We launched virtual rehab in a matter of weeks in response to the pandemic. Going forward, we can take advantage of the technology KITE has to monitor people in their homes and make sure the rehab they get is the best possible quality. – Dr. David Alter

More precise rehab regimes

While telerehab for brain injury requires only a video conferencing app and an internet connection, Dr. Alter is looking into how wearables and other home monitors can enhance telerehab for cardiac patients. He's researching how to best incorporate everything from wearable fabrics, home heart rate monitors and blood pressure machines so he can offer guidance to other telerehab providers. “We have a lot of technology, but we need to be able to validate that technology scientifically to know that it is providing accurate information,” he says.

For the last three years, Dr. Alter has been leading a team of physicians, kinesiologists, dietitians and others who provide telerehab to patients with heart disease or those who may be at risk of getting it. Through weekly video conferences, they help patients adjust their diet, quit smoking, lower their stress levels and, most of all, exercise. Patients can track their exercise duration and intensity using software that allows the providers to follow their progress.

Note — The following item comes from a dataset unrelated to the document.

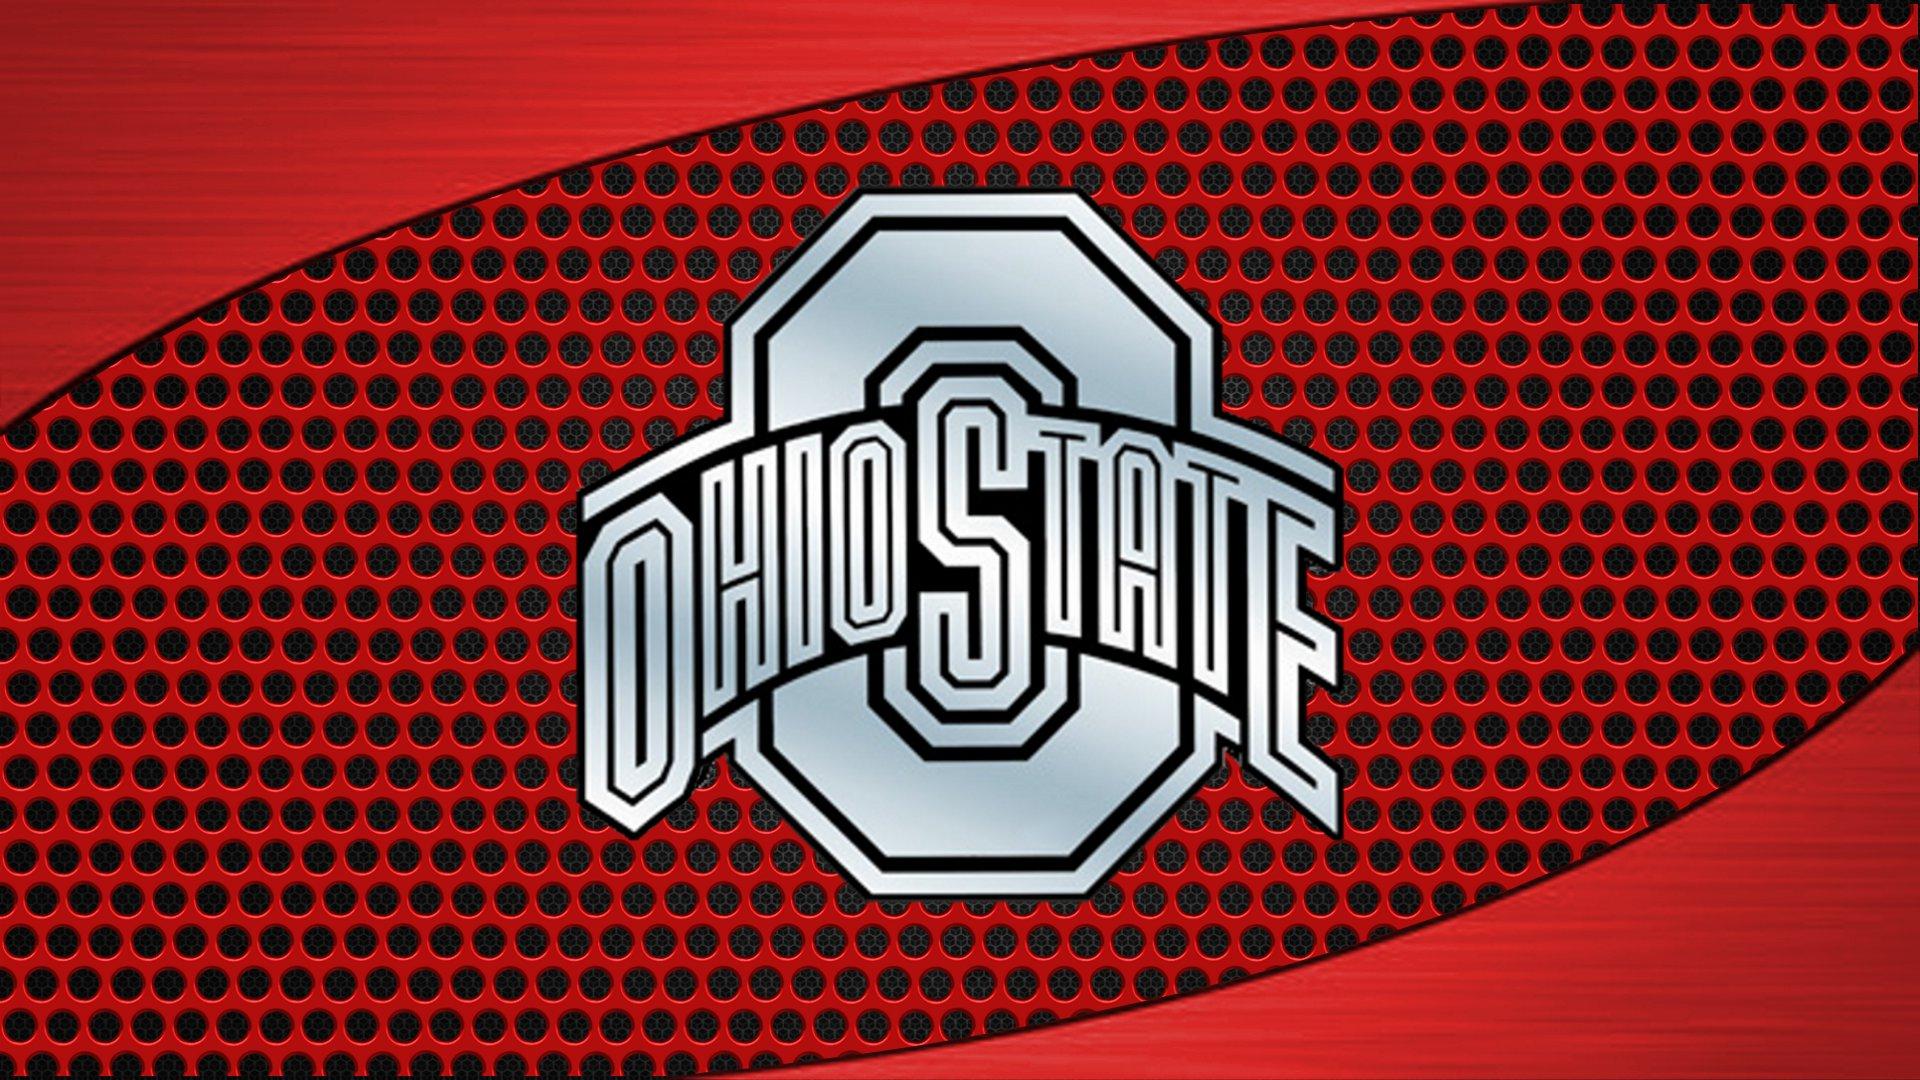 OSU Wallpaper 333 - Ohio State Football Wallpaper ...

Dr. Alter's research has shown that, thanks to the video lessons, patients feel confident measuring their exercise progress each week, based on their heart rate and the duration and frequency of the exercise. They also know how much easier it is to set up appointments, which helps them keep their rehab going for longer, he notes. Most importantly, telerehab improves people's health. Patients with heart disease who've received telerehab often experience improvements in cardiac fitness, blood pressure, blood sugars, weight and quality of life, with less measurable breathlessness, within as little as three months, as compared to their health status prior to telerehab initiation.

90.3: Percentage of patients in 2019 study who said they would willingly recommend telehrehab


Source: Grand View Research

Adopting telerehab during a pandemic

With COVID-19 now making virtual rehab a must-do, doctors, therapists and others from across the world are turning to KITE for insights. Dr. Mark Bayley, Physiatrist in Chief at UHN, and Medical Director, Toronto Rehab, has spent the last few months researching the adoption of telerehab in the pandemic. He's looking at the barriers patients and providers have faced, including “video fatigue” and people's ability to download rehab-related apps. He wants to find ways to overcome these challenges and better understand in which situations in-person or telerehab is best.

For his own stroke patients, Dr. Bayley sees telemedicine as an important tool for getting a real-world view into a patient's life, which then helps him both care for his patients and find new ways of providing rehab. “If one wants to do a kitchen assessment (a type of assessment to see a stroke patient's everyday level of functioning), I don't have to bring them into my lab. I can watch them go through the routine of preparing lunch in their own environment.”

While telerehab has been around for a while, COVID-19 will only speed up its adoption – and the development of technology to enable this kind of care. In the future, artificial intelligence bots might tell a patient if they're working too hard or if their heart rate is high and they should ease off what they're doing, says Dr. Bayley. Basic video conferencing and even old-fashioned telephone appointments will also become more widespread. Dr. Green has already demonstrated that phone therapy has as many benefits as face-to-face therapy when it comes to treatment of depression and anxiety in neurological patients.

The ultimate goal is not to create a fancy new gadget – it's to provide care in an environment that people are comfortable in, and to remove the stress, time and cost of travel. As Dr. Bayley explains, “We know that when we provide care to people in their own homes, many people will do better.”